Make your own epiphany

BY KAREN MUENSTERMAN

CONNECTING FAITH AND LIFE

A little over 53 years ago, I started kindergarten. It was a very big occasion in my life, because like a lot of other children of that era, I had never been to daycare or preschool, or really anywhere at all away from home. On the very first day of kindergarten, my mom walked me into the classroom and held my hand as she led me around the room.

“Let’s find your desk,” she said.

All the desks looked exactly alike to me, but my mom came to a halt in front of one of them and pointed to a rectangular-shaped piece of paper that was taped to the desk. It had some letters written on it.

“This is your desk,” mom announced.

“How do you know it’s mine?” I whispered nervously.

“Because it has your name on it,” said mom, pointing at the letters. “See? It says Karen.”

I was astounded because up until that moment, I only knew my name as a sound. My name was something that I could hear and say, but I had never realized that it could also be something that I could see! I stared and stared at that image of my name, trying to wrap my mind around this new representation of myself that showed up in the world as if by magic.

This moment of discovery was a small but significant epiphany in my life. It awakened me to a new way of thinking about my name and experiencing it.
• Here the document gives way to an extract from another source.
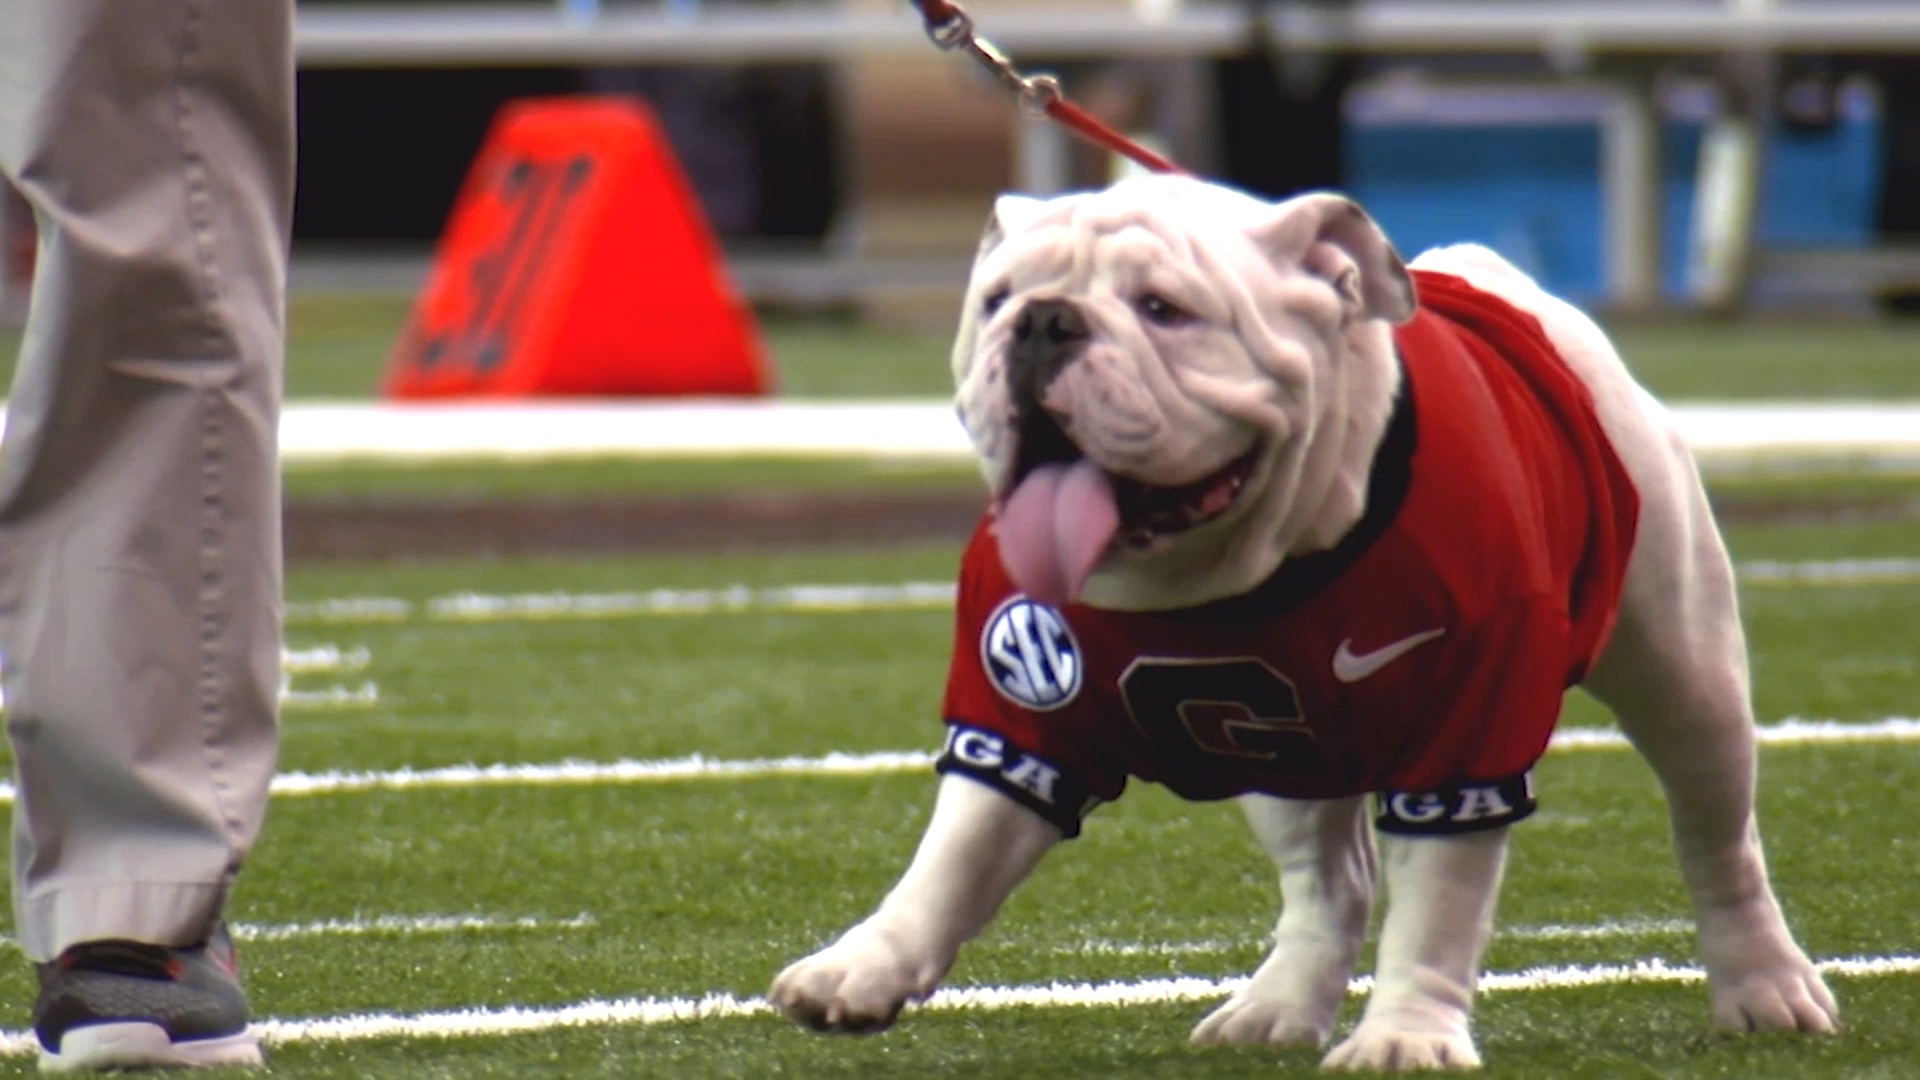 Georgia Bulldogs on X: Before we welcome Boom as Uga XI on Saturday, how  about one more round of applause for Que, who as Uga X, will retire as the  winningest mascot

Within a few days, my kindergarten teacher began teaching my class how to write letters; and very shortly afterward, I began to learn how to write my name. This was another astonishing occasion for me. My name was not just a sound or a shape, it was also a motion. Now my name was not only something I could hear and see, it was also something I could do. The ability to write my name gave me a power that I had not had before. Now I could label things as mine and verify ownership of my own work and belongings. I was mesmerized by all these different expressions of “Karen.”

Last weekend, we celebrated the Epiphany of the Lord, honoring the day three wise men looked upon a fragile human baby and saw a powerful King. Up until that moment, God was a being that people had heard about and talked about but had never seen. But suddenly, the God that had been only a sound in the world was now an image – someone they could see and touch!
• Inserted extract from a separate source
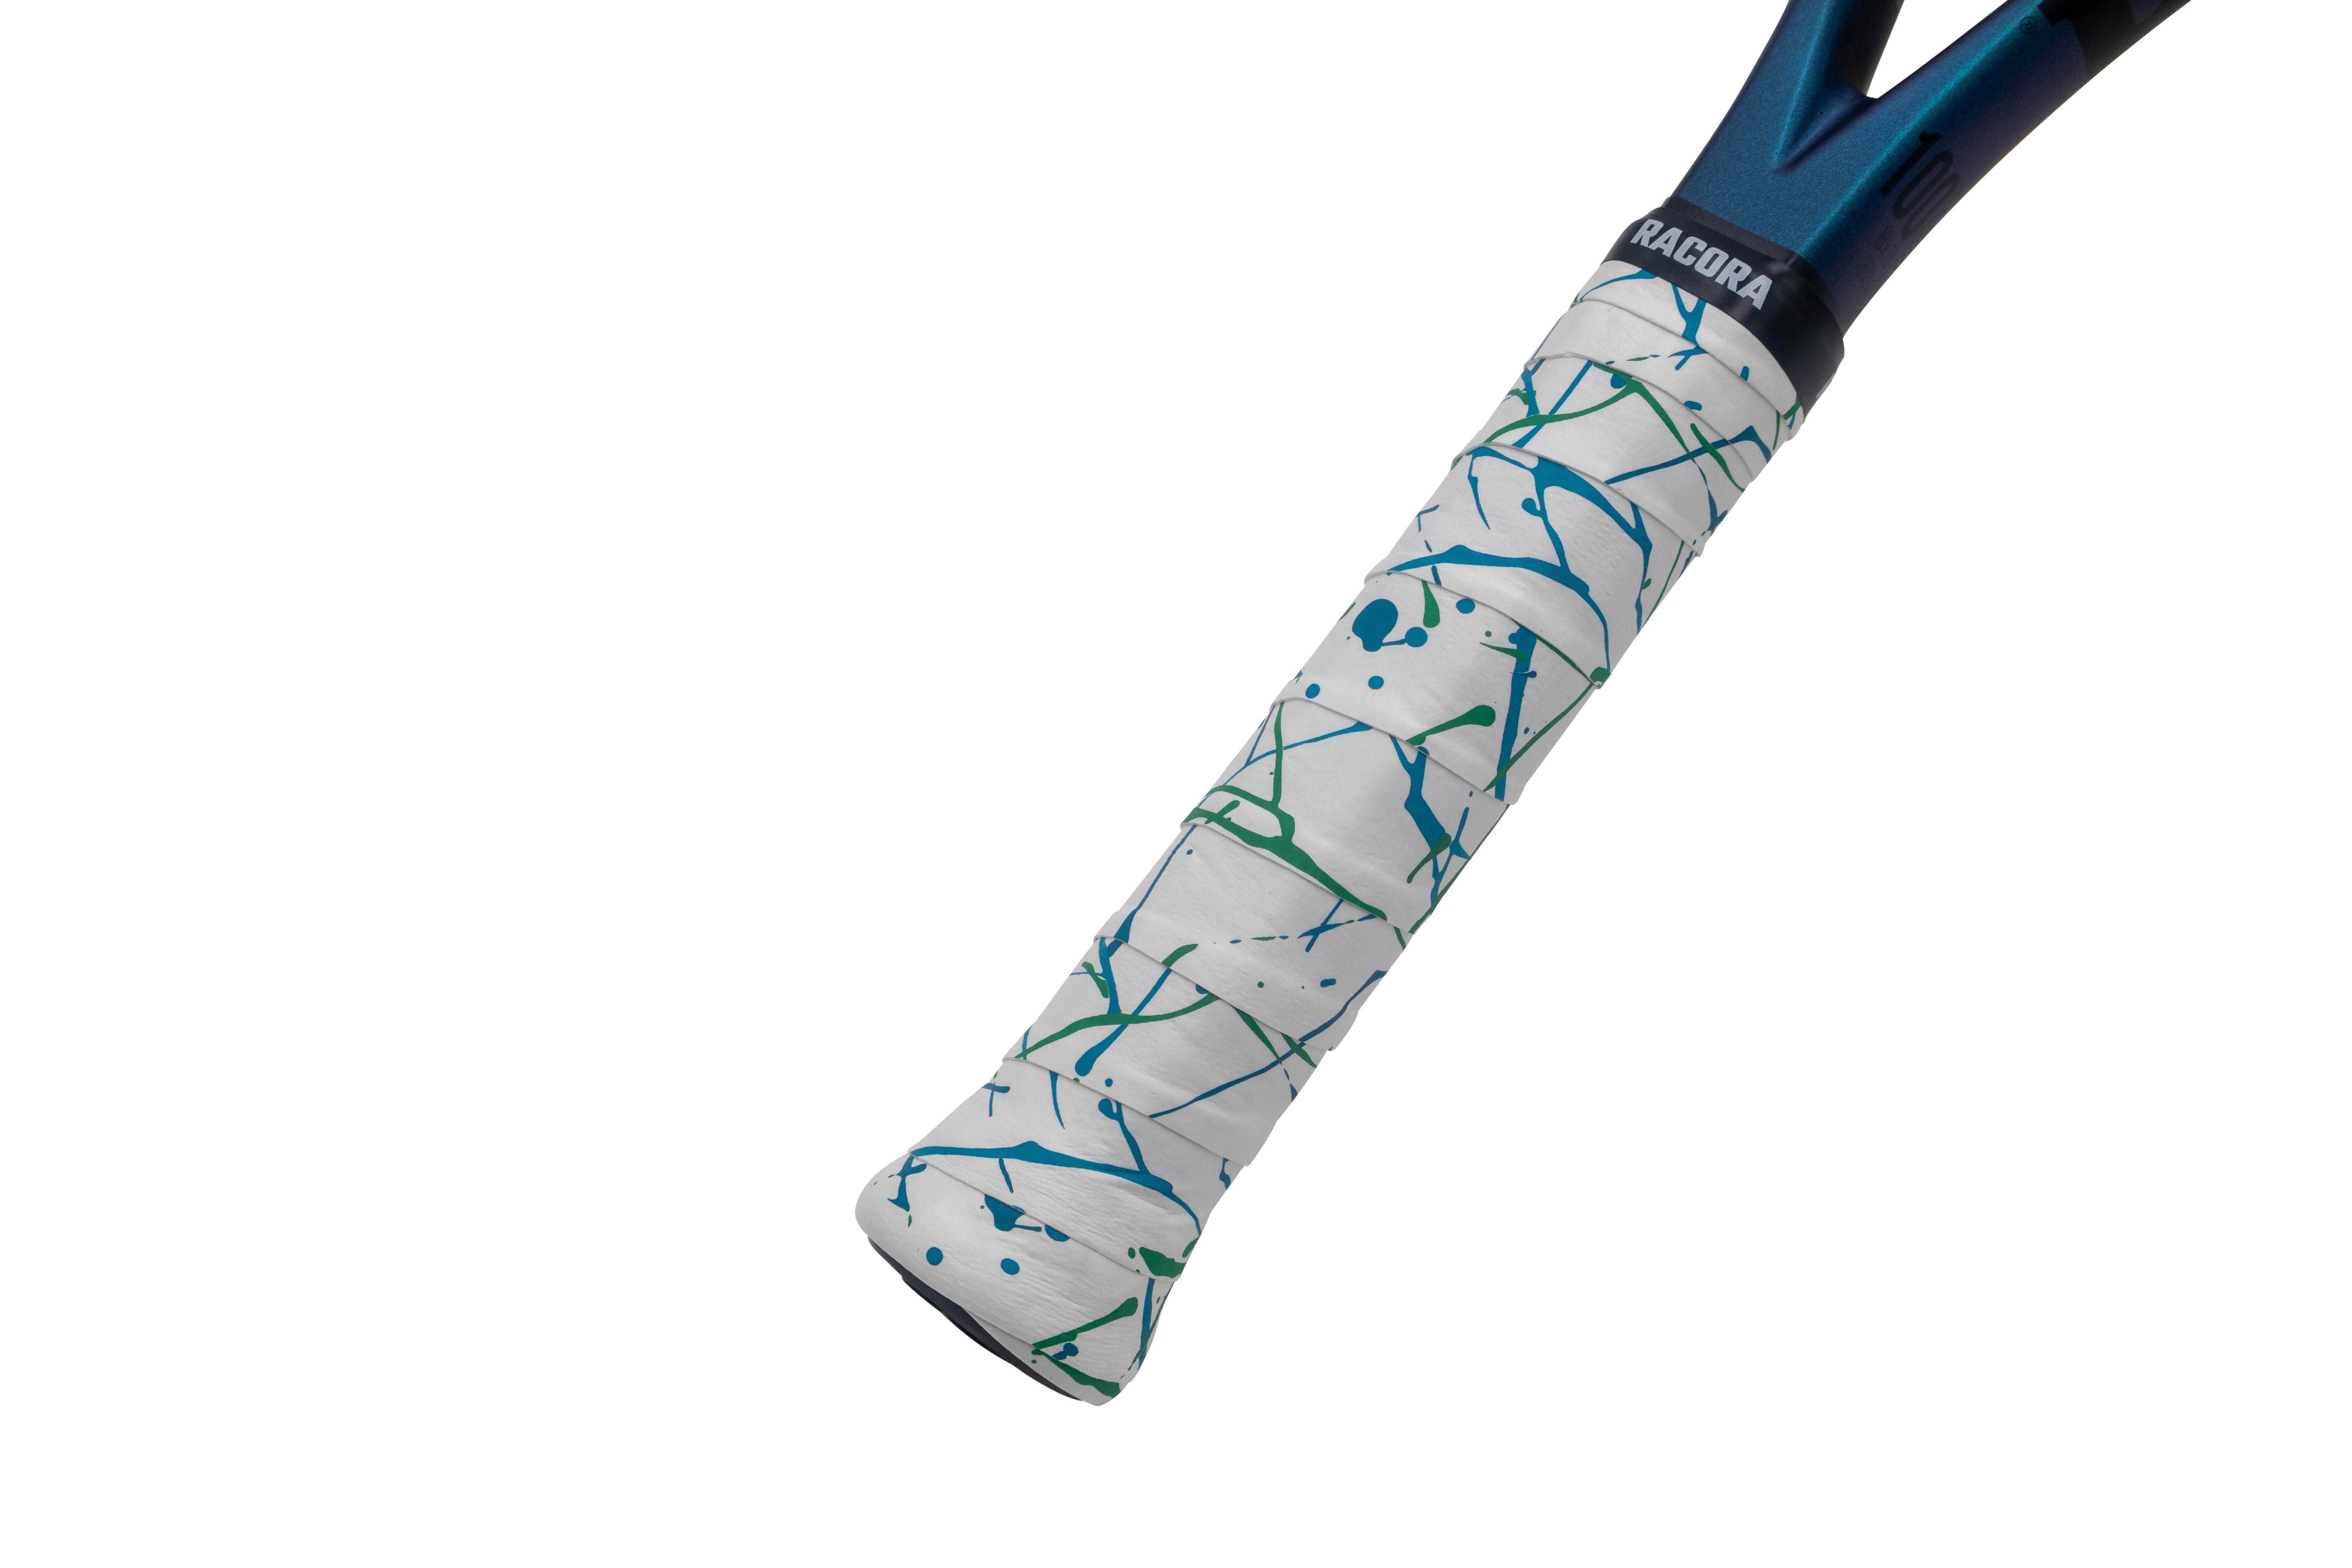 Racora Wild Drip tennis overgrip on tennis racket, held at an angle

For approximately 33 years, this human being that the wise men visited remained in the world – and those who knew him and followed him experienced one epiphany after another as they watched him do impossible things. He loved the unlovable, he touched the untouchable, he valued the worthless, he healed the incurable, and he forgave the unforgivable. He taught his followers a whole new way of thinking about life and a whole new way of experiencing it. Then, like the wise men and like all human beings, he disappeared into history.
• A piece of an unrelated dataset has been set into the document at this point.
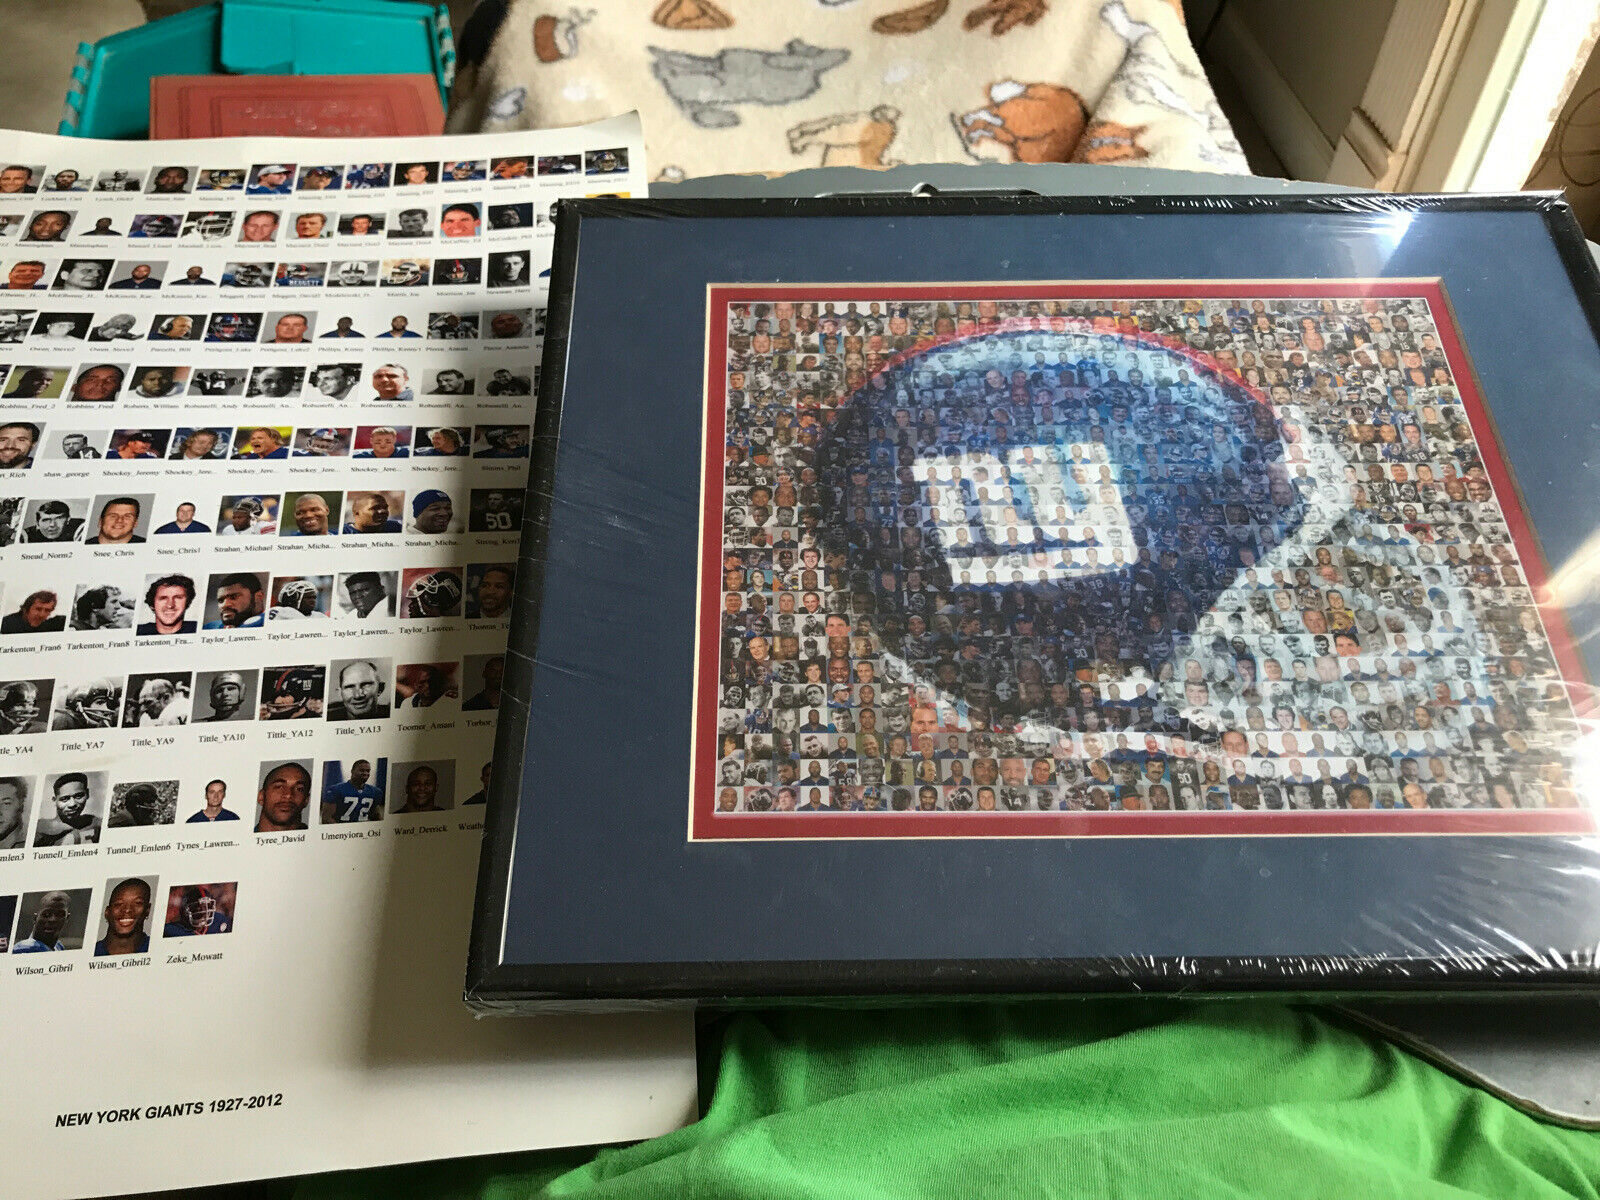 2012 Super Bowl Xlvi Champions Ny Giants Framed Picture And 1927 -2012 2 Sided

Except … before he left them, during his last meal on earth, the followers of Jesus experienced another epiphany. At the last supper, Jesus revealed to them that God was not just a being that one could see and hear. God was also something one could do.

“Do this,” he commanded them, “in memory of me.”

Each time we gather for Mass, we are doing God – and God shows up in the world. And each time we love without boundaries as Jesus did, we are doing God – and God shows up in the world.

Childhood is full of epiphanies, but they are rare in adulthood. Do you want to experience one? Then do something that seems impossible: Turn toward someone who makes you want to turn away. Forgive someone who has done something that is unforgivable. Love someone who seems to be unlovable. Heal a relationship that appears to be unrepairable. And then come to Mass the way the wise men came to Bethlehem – expecting to see the King.